Excerpted data -
-- Opening Marker --

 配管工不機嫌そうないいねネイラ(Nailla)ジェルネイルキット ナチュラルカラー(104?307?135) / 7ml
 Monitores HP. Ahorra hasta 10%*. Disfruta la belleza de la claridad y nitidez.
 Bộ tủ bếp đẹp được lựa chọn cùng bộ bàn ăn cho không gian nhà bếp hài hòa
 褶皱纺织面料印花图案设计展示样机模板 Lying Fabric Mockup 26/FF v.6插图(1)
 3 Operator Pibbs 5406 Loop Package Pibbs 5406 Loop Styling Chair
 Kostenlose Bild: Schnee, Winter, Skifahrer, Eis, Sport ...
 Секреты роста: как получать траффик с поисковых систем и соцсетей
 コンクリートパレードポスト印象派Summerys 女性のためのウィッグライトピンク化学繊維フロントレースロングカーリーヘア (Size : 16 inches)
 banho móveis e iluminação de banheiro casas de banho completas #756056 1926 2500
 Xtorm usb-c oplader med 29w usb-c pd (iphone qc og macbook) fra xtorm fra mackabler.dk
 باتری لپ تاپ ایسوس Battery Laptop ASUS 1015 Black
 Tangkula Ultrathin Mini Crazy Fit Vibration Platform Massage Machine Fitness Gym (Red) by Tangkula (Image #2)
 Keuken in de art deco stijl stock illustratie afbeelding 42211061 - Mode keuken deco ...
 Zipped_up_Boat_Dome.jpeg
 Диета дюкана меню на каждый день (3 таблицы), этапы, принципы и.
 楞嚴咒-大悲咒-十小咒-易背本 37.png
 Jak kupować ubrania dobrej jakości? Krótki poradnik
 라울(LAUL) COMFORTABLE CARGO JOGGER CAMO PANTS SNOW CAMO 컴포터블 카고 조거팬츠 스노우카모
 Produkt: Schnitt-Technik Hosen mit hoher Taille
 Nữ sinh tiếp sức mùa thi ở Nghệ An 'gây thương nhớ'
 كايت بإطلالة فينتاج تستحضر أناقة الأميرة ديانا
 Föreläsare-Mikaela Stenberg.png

-- Closing Marker --

Work to be completed - Exact duplication is required for the lines above, from the line that contains "Tangkula Ultrathin Mini" to the line that contains "Zipped_up_Boat_Dome.jpeg", inclusive; omit all others.

Task answer -
 Tangkula Ultrathin Mini Crazy Fit Vibration Platform Massage Machine Fitness Gym (Red) by Tangkula (Image #2)
 Keuken in de art deco stijl stock illustratie afbeelding 42211061 - Mode keuken deco ...
 Zipped_up_Boat_Dome.jpeg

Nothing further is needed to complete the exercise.